The 1999 narrative directly parallels these ethical dilemmas. Ellen, a geneticist, is offered a job at a biotech company working on prenatal genetic testing. Her husband Tom objects on moral grounds (he believes life begins at conception). Her former student Kate, now a corporate recruiter, dismisses the pre‑embryos as “a cluster of cells”. The question is whether it is ethical to abort foetuses with genetic abnormalities – and, more broadly, whether science should be in the business of “eradicating” conditions like manic depression, which Phil’s beloved uncle Stan had.
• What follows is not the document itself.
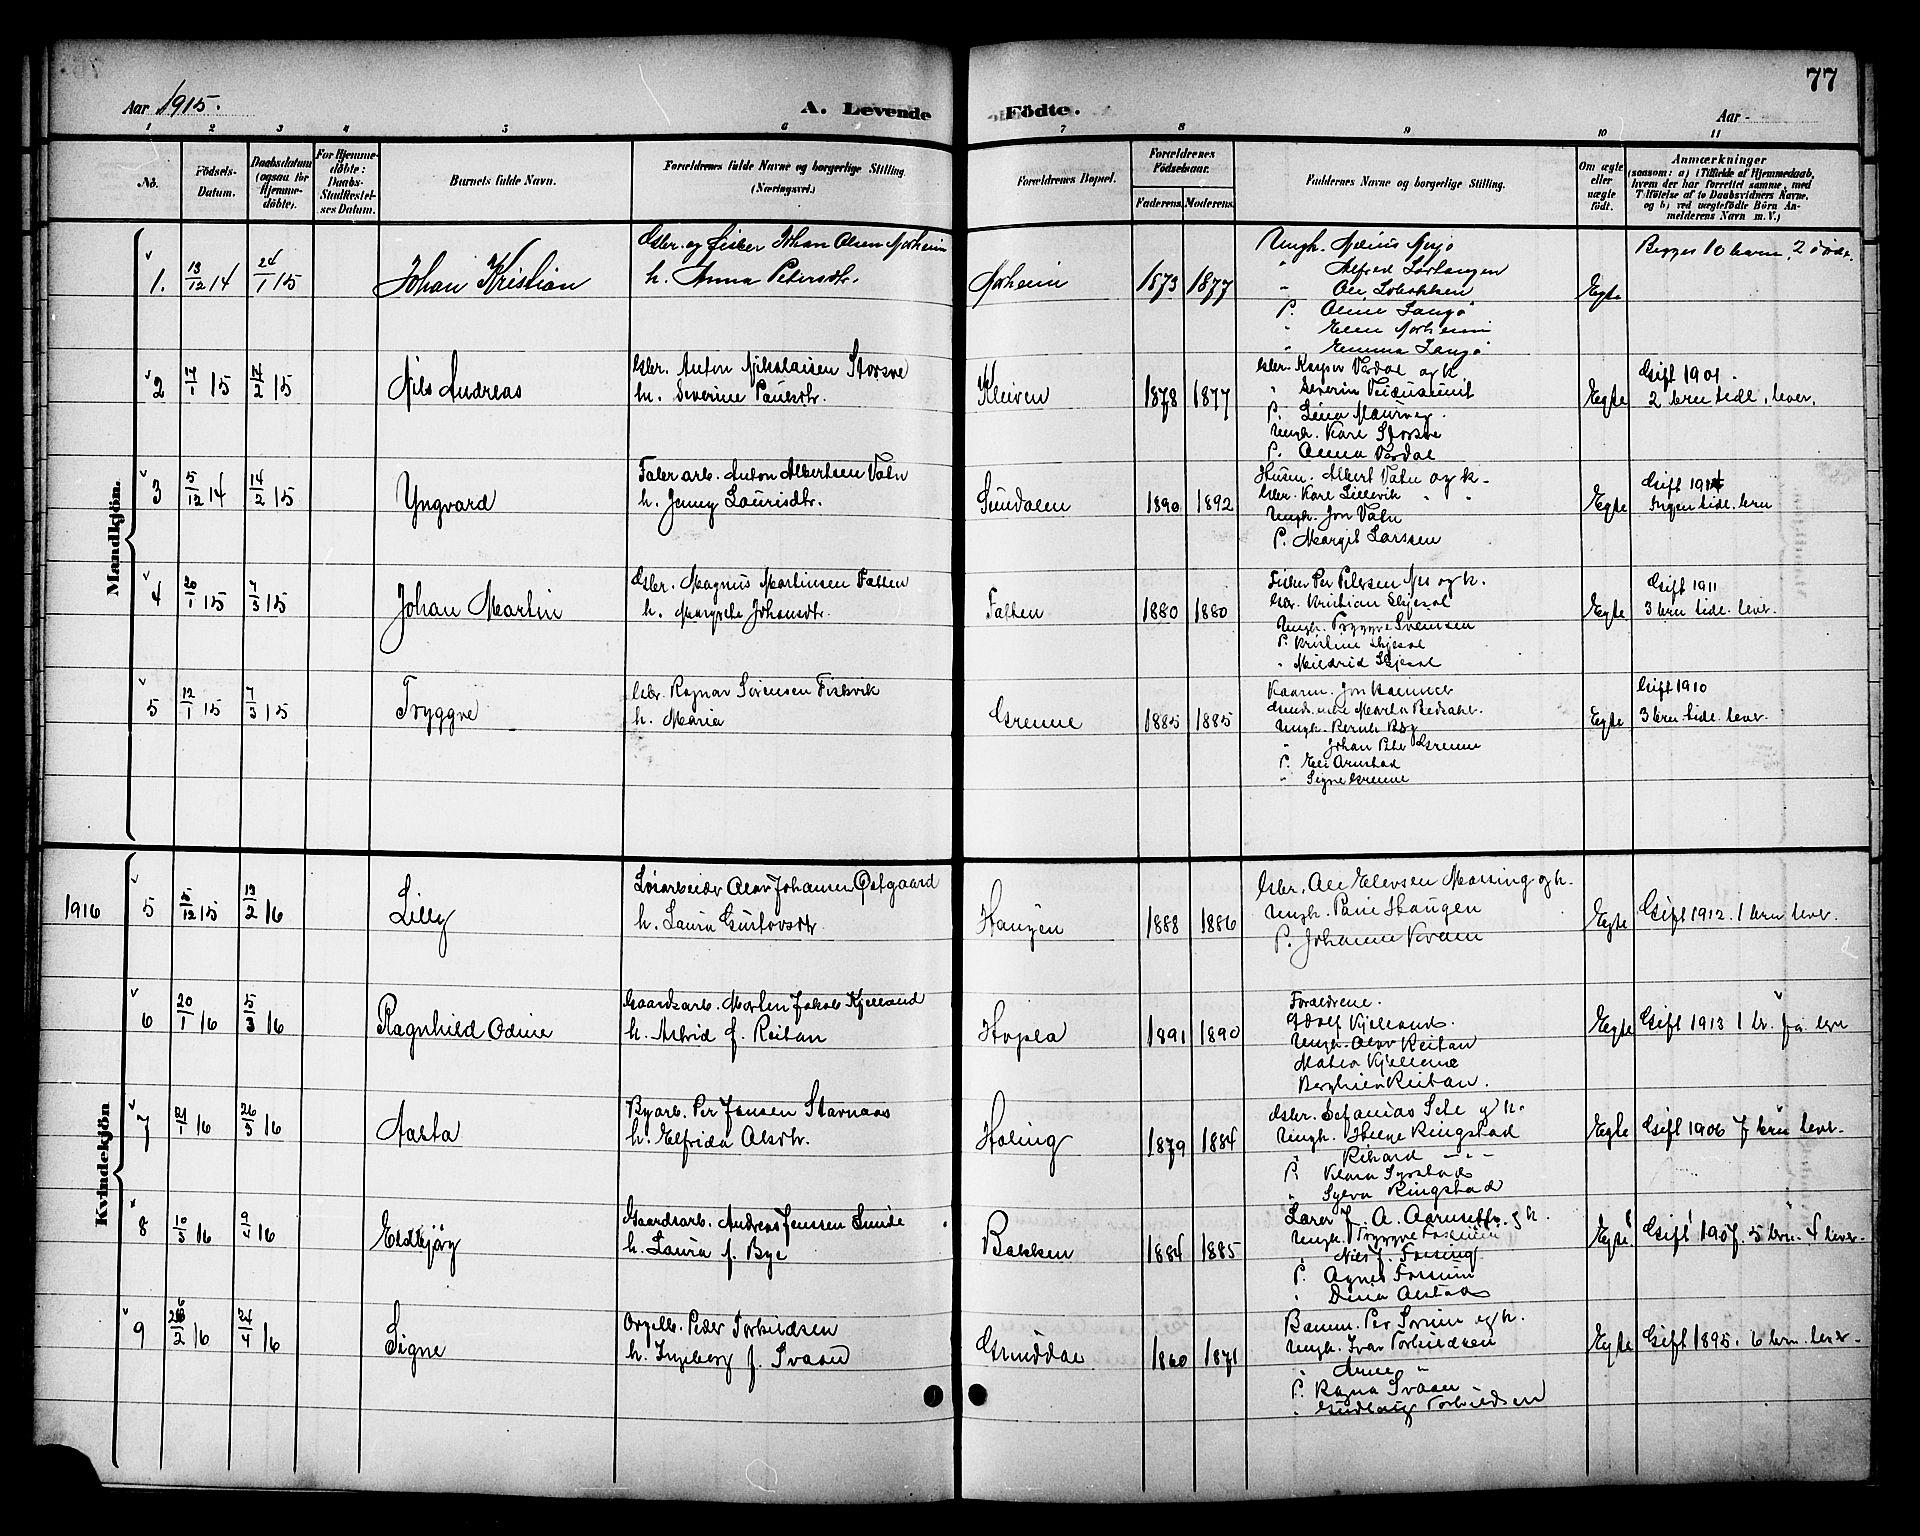 SAT, Ministerialprotokoller, klokkerbøker og fødselsregistre - Nord-Trøndelag, 714/L0135: Klokkerbok nr. 714C04, 1899-1918, s. 77

The dual time frame allows Stephenson to show that the same arguments recur across centuries. In 1799, Armstrong says “the ends justify the means”; in 1999, Kate says “it’s a cluster of cells” – the same instrumental reasoning, different vocabulary. Roget’s horror at grave robbing is echoed by Phil’s horror at the prospect of aborting “people like my uncle Stan”. The play suggests that science and morality in literature often collide: scientific ambition, untempered by compassion, repeats its mistakes.
But the dual time frame also reveals what has changed – and what has not. In 1799, women are excluded from science. Susannah is ignored; Harriet is mocked for wanting to be a physician. In 1999, the scientists are women: Ellen and Kate. On the surface, this is progress. Yet Ellen is no less ethically conflicted than Fenwick; Kate is no less cold than Armstrong. The structures of power have shifted, but the human temptation to sacrifice the vulnerable for knowledge remains.
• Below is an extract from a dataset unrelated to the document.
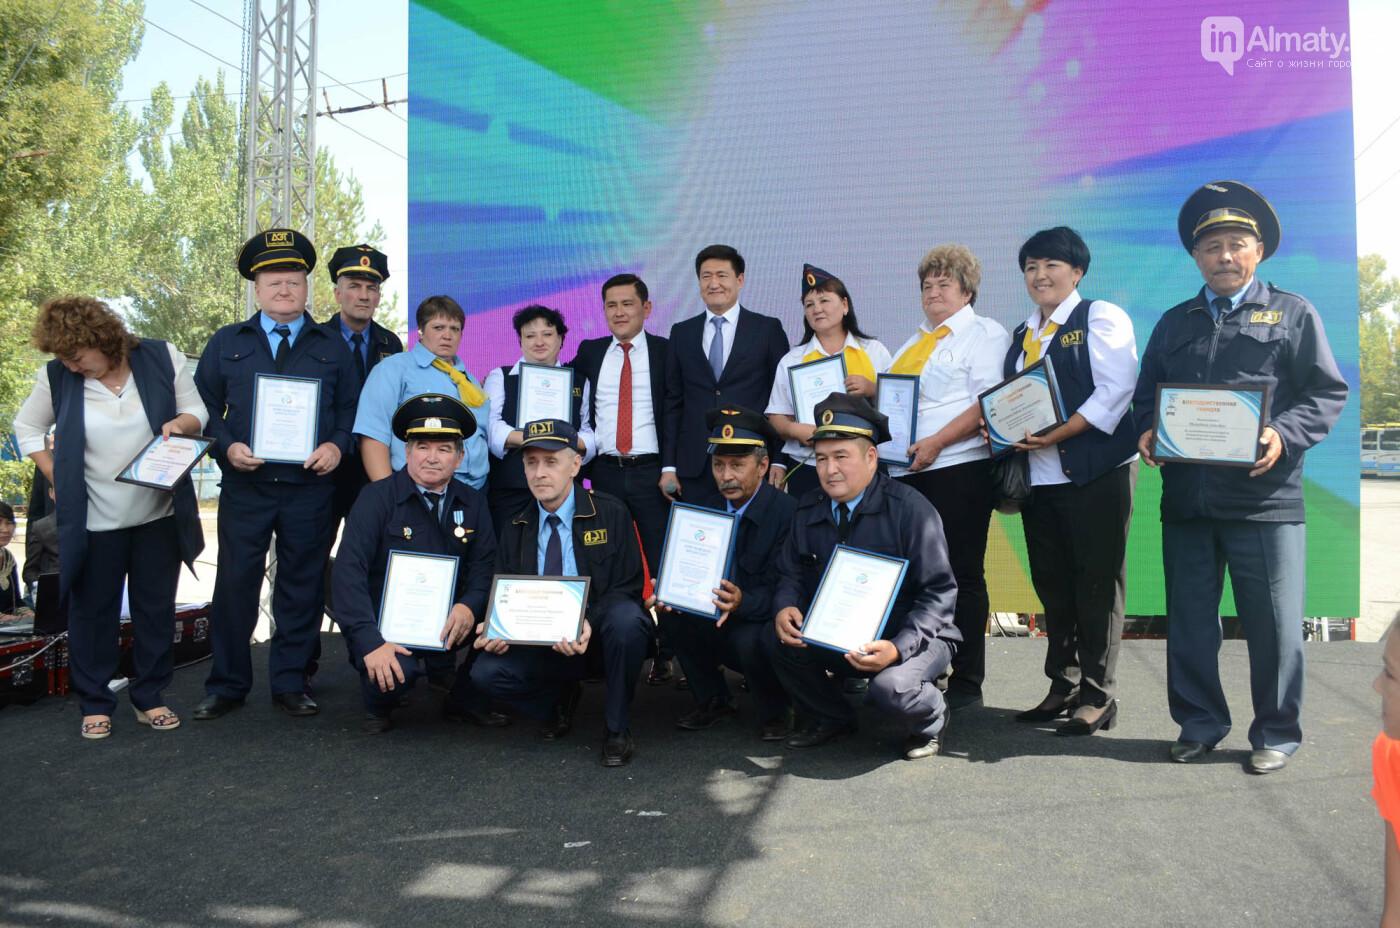 Юбилей троллейбуса отметили в Алматы (фото), фото-3

The play’s most devastating use of the dual time frame is the character of Isobel Bridie – the Scottish servant with a spinal deformity. In 1799, she is seduced by Armstrong, who wants only to study her hump. When she discovers the truth, she hangs herself. In 1999, the box of bones found under the floorboards is revealed to be Isobel’s remains – missing bones, presumably removed for study. The 1999 characters argue about what to do with them; Tom wants to honour them spiritually, Phil lights a candle, but Ellen is impatient: “She’s dead.” The parallel is clear: the vulnerable body is sacrificed in both centuries. The air pump’s victim (the bird) is replaced by Isobel in the final tableau. Nothing has changed.
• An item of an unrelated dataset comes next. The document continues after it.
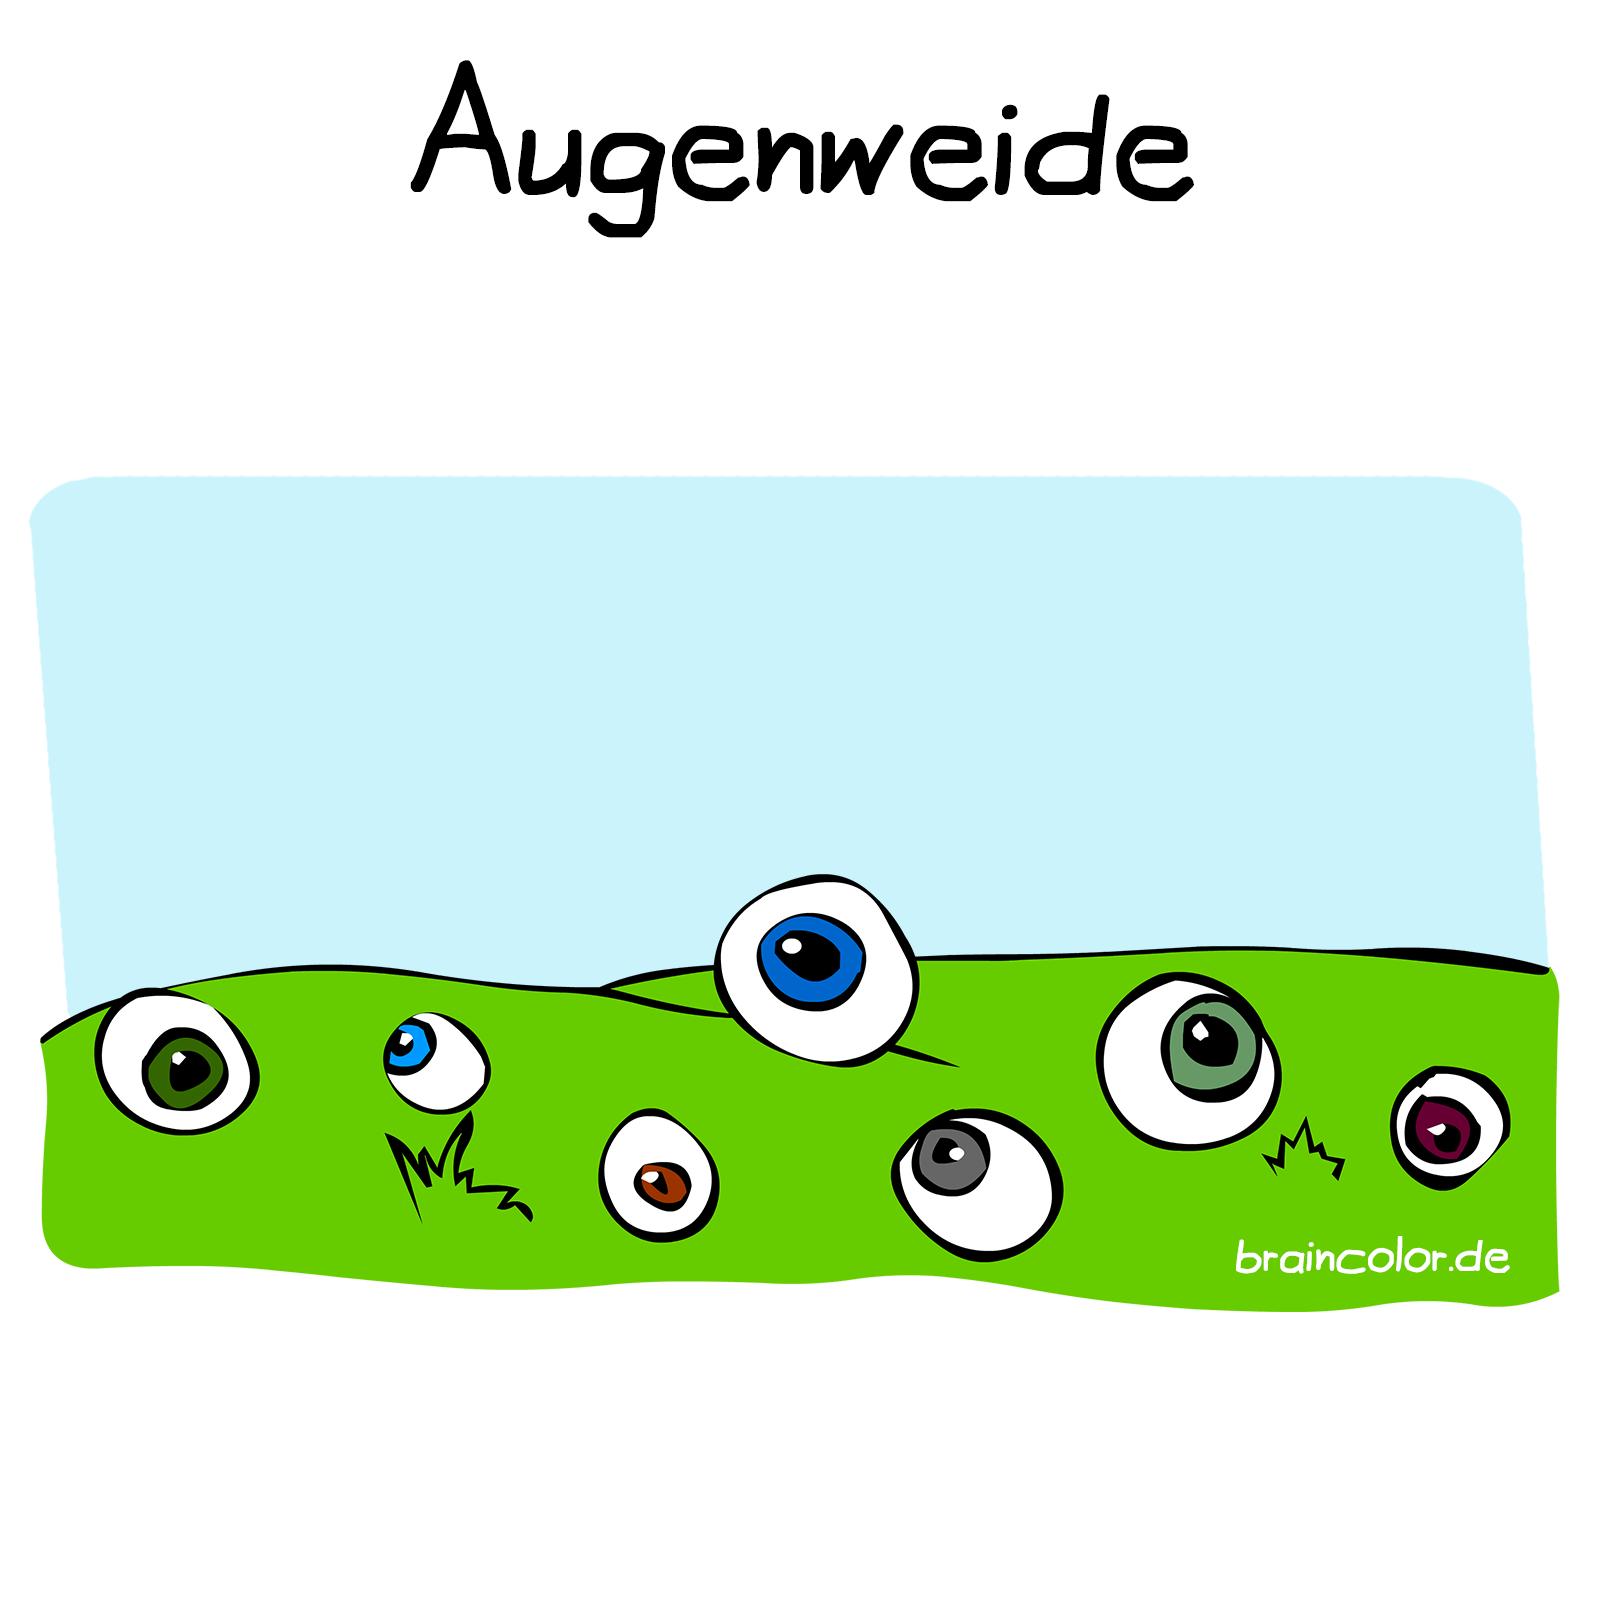 Augenweide

Stephenson refuses easy answers. Ellen accepts the job – but the play does not tell us whether she is right. What the play insists on is that the question be asked. Silence is complicity. The dual time frame is the formal expression of this insistence: we cannot look at 1999 without seeing 1799’s shadows. The past is in the bones under the floorboards. And until we acknowledge it, we will keep making the same mistakes.